Since May, U.S. AI-related stocks have continued to surge, with capital increasingly flowing toward the key “bottleneck” segments of the AI supply chain. According to the latest market data, as of publication, Advanced Micro Devices surged 11.44% to US$455.19, while NVIDIA rose 1.75% to US$215.20. In optical communications, Lumentum Holdings gained 1.26%, while the memory segment showed even stronger momentum: DRAM-related ETFs jumped 13.43% in a single session, and Micron Technology soared 15.49%, with trading volume approaching US$47 billion. Core AI infrastructure assets across the supply chain moved sharply higher.

(Image Source: uSMART HK app)
Over the past two years, the AI rally has largely been driven by GPUs, with companies such as NVIDIA becoming the centerpiece of the computing boom. However, as Agentic AI rapidly evolves, the market is reassessing the strategic importance of CPUs.
Unlike traditional chatbot models, AI agents are designed to execute long-duration, multi-step tasks involving tool usage, data processing, and continuous reasoning. These workloads rely far more heavily on CPU orchestration and scheduling capabilities. Analysts at KeyBanc Capital Markets noted that the rise of agentic AI is materially increasing demand for server CPUs, bringing them back from a “supporting role” to the center of computing infrastructure.
This shift directly benefits companies such as Advanced Micro Devices and Intel.

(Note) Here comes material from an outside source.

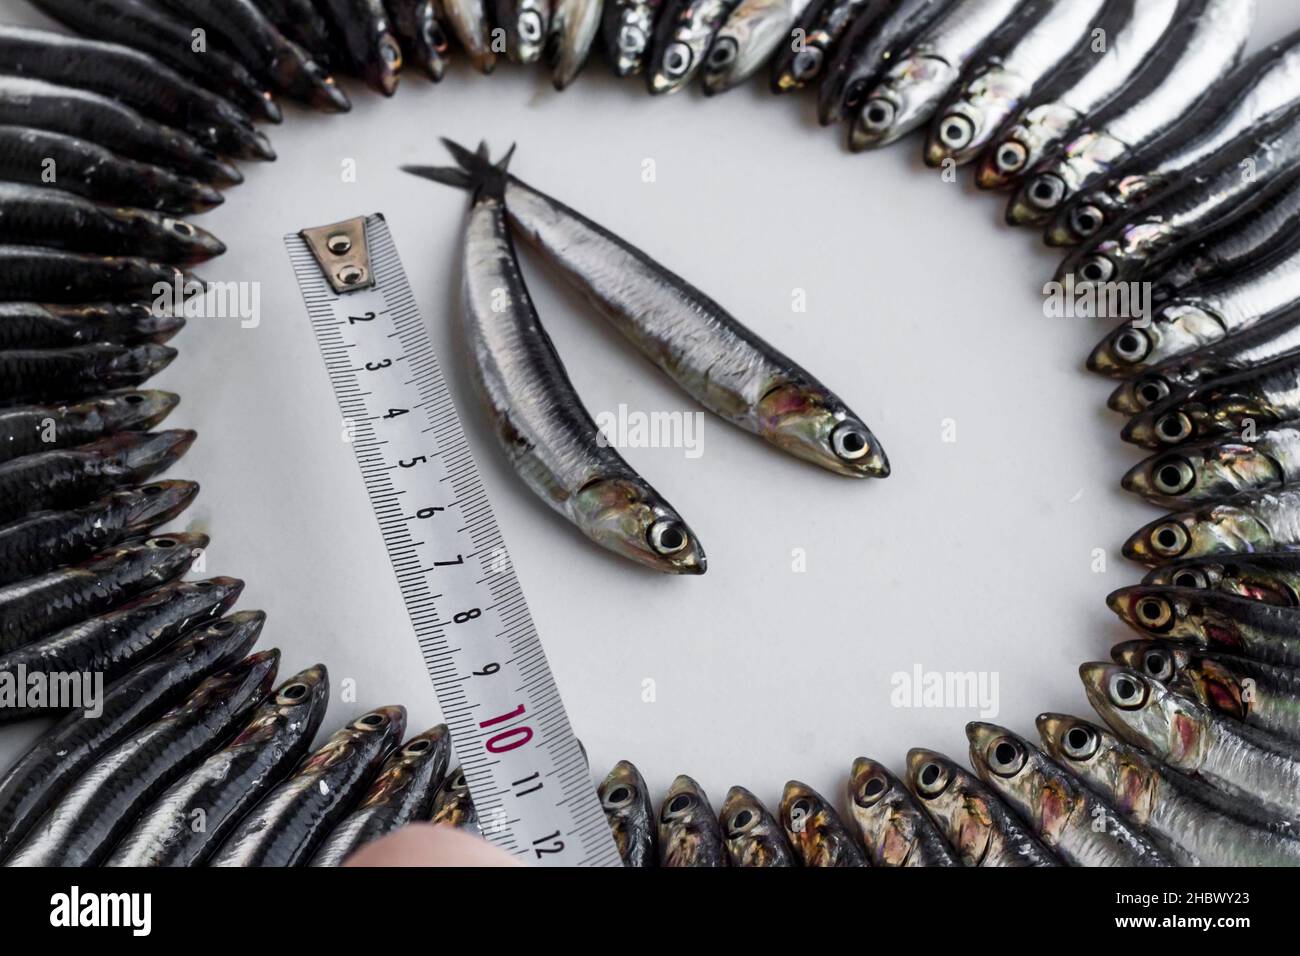 https://c8.alamy.com/comp/2HBWY23/small-fish-anchovyhamsi-measured-with-metal-tape-measure-2HBWY23.jpg

Meanwhile, NVIDIA is also expanding its CPU product lineup in an effort to build a more comprehensive data center ecosystem.
The market increasingly believes that AI infrastructure is transitioning from a “GPU-centric architecture” toward a new era defined by coordinated CPU, GPU, and networking systems.
If CPUs serve as the scheduling hub, then High Bandwidth Memory (HBM) is rapidly becoming the scarcest resource in the AI supply chain.
The current HBM market is dominated by Samsung Electronics, SK hynix, and Micron Technology. As demand for AI model training and inference continues to surge, memory demand is growing far faster than manufacturing capacity.
Market data indicates that HBM capacity has already been booked well in advance, with some suppliers nearly sold out through 2026. At the same time, conventional DRAM markets are experiencing structural tightness as production capacity shifts toward HBM.
Demand for high-bandwidth memory from AI data centers is reshaping the entire memory supply chain, driving simultaneous upward revisions in both earnings expectations and valuations for related companies. Broader effects are also beginning to emerge, including rising storage costs filtering into consumer electronics pricing.
As AI clusters continue to scale up, pressure on data center interconnects has risen dramatically, pushing traditional electrical signal transmission closer to its physical limits.
Against this backdrop, optical communications have emerged as the third critical bottleneck in AI infrastructure. NVIDIA recently partnered with Corning to advance AI fiber-optic infrastructure. The company has also invested in optical networking firms including Coherent and Lumentum Holdings to accelerate the expansion of high-speed interconnect technologies.
Industry trends suggest that AI data centers are transitioning from electrical interconnects toward optical interconnect architectures. Technologies such as silicon photonics and Co-Packaged Optics (CPO) are moving rapidly toward commercialization.
Analysts believe that future AI computing bottlenecks will increasingly center on “how data moves at high speed,” rather than simply “how much compute power is available.”
Wall Street remains broadly optimistic about the AI rally. Many institutions believe that AI investment has expanded beyond semiconductors into the broader infrastructure ecosystem, including computing chips, memory, optical communications, power infrastructure, and data center construction.
Some firms have even raised their targets for the S&P 500, citing stronger-than-expected corporate earnings growth and continued expansion in AI-related capital expenditures.
However, risk signals are also building. Investors including Michael Burry have warned that positioning in AI-related trades is approaching historically extreme levels, drawing comparisons to the dot-com bubble of 2000.
Some strategists also caution that as corporate capital expenditures continue to rise, cash flow pressure could gradually intensify, potentially leading the AI investment cycle into a more selective phase.
Nevertheless, based on the current supply-demand structure, the three major bottlenecks — CPUs, HBM, and optical communications — remain in a state of structural shortage with little sign of near-term relief. As a result, capital inflows into these AI “chokepoint” segments may continue to dominate the next phase of market leadership.